近日,几年未曾谋面的同窗大陆来青出差,我尽地主之谊,设宴款待。席间自然问到我们俩共同的好友小林,因为当年毕业后,他俩去了同一个城市发展,且想方设法进了一个单位,成了朝夕相处的同事。不料,大陆却支支吾吾闪烁其词,在我的再三追问下,他这才说道:“我们早已不是同事,也已经好久没联系过了。”
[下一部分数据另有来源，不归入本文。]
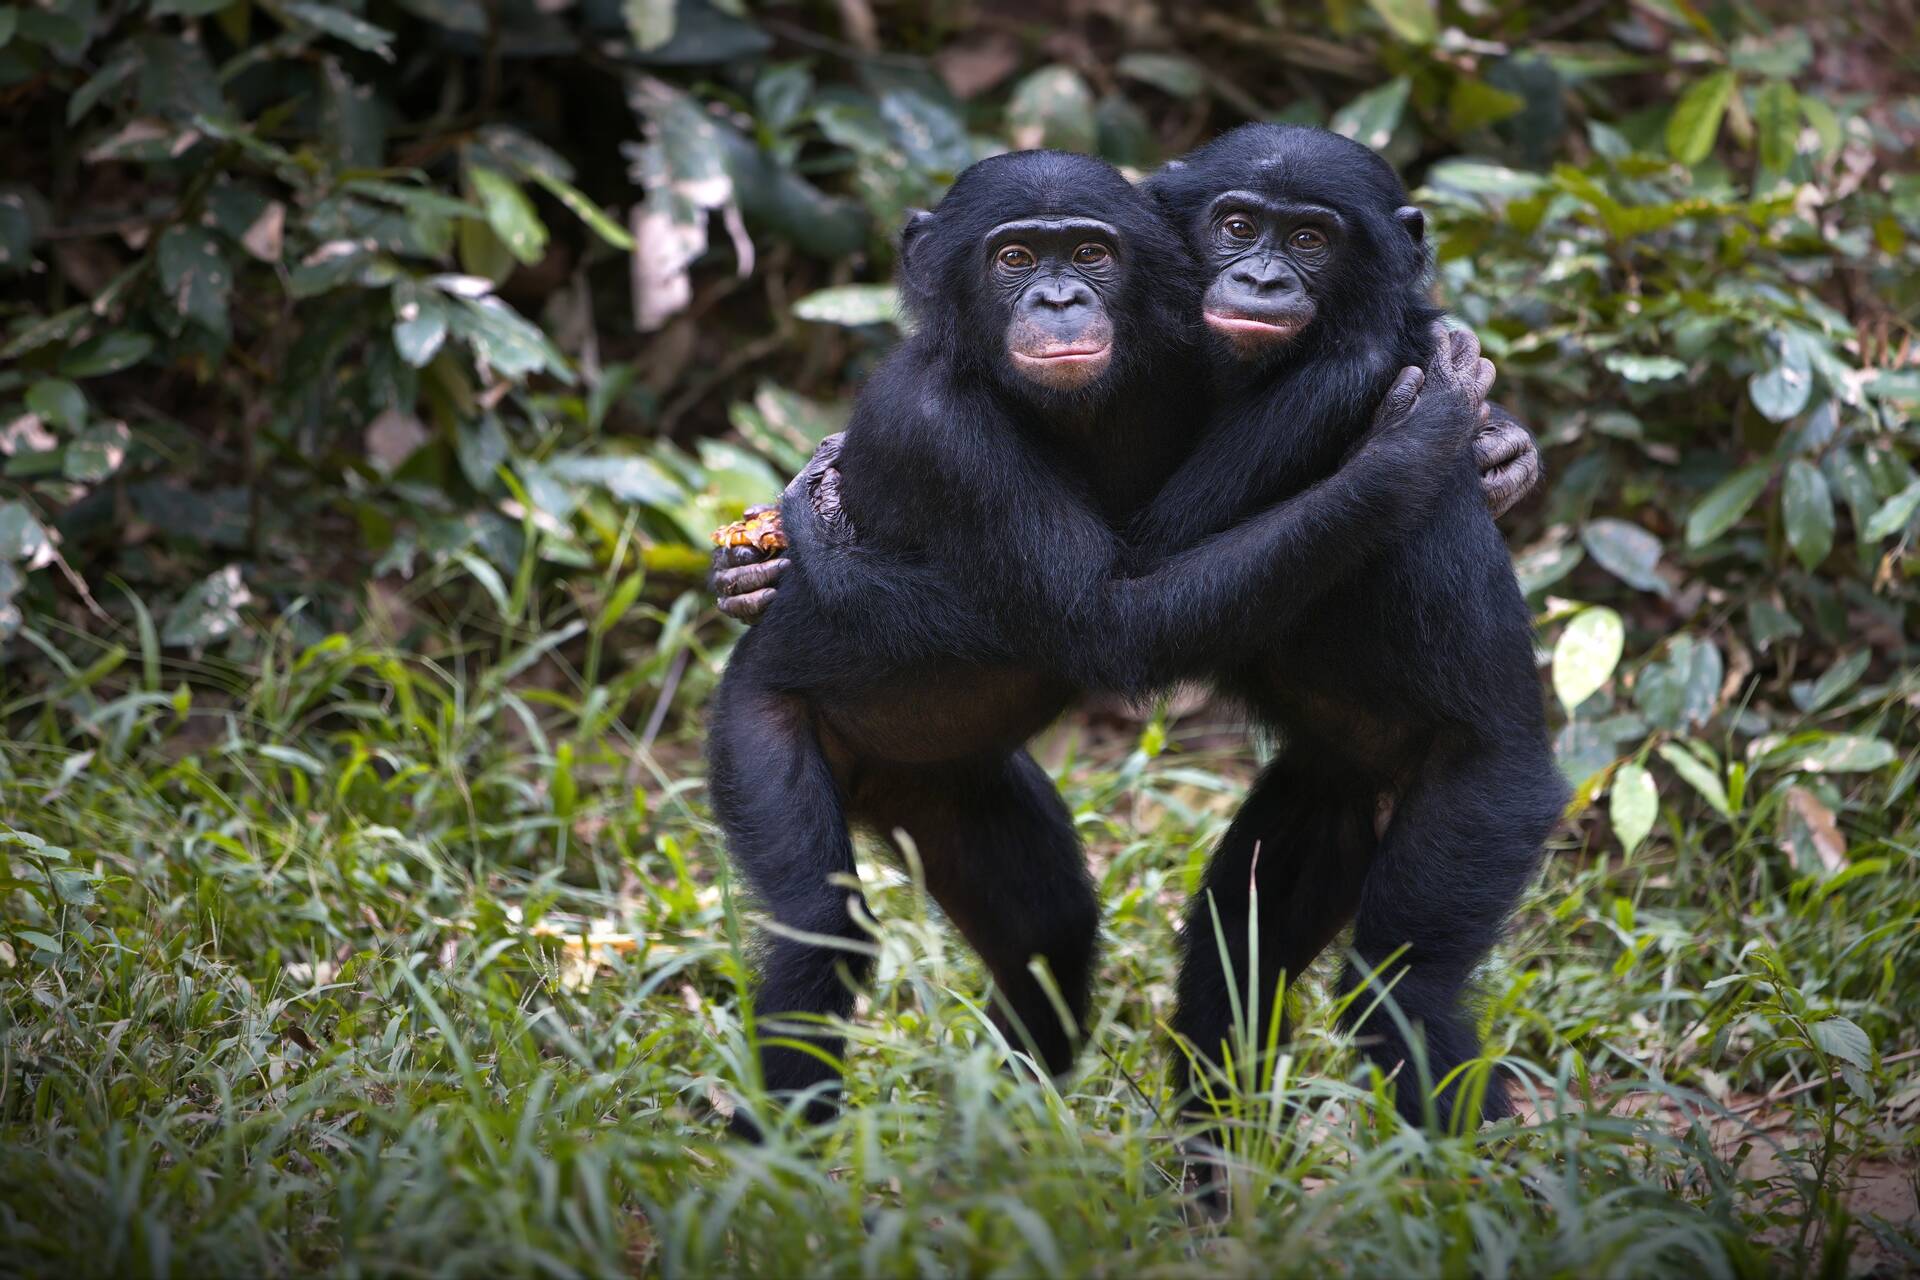 Majmok: egyes tudósok szerint a Homo Sapiens kifejezés nem megfelelő, és az embereket át kell sorolni a Pan nemzetségbe, ami megegyezik a közönséges csimpánzokkal és a bonobo-val.

话虽短,信息量却足够大。两个人关系的现状,我已猜出八九。其实,他俩能走到今天这步,我早有预感。早在大学时,因为共同筹办文学社,我们仨走到了一起,且私交甚笃,素有“校园三支笔”之美誉。后来我渐渐发现,他们俩走得越来越近,生活费都放在一块花,好得就差一头碰地义结金兰了。可眼下却已经基本上形同陌路,大陆说,也没什么过节,两个人走着走着就这样了,算是无疾而终吧。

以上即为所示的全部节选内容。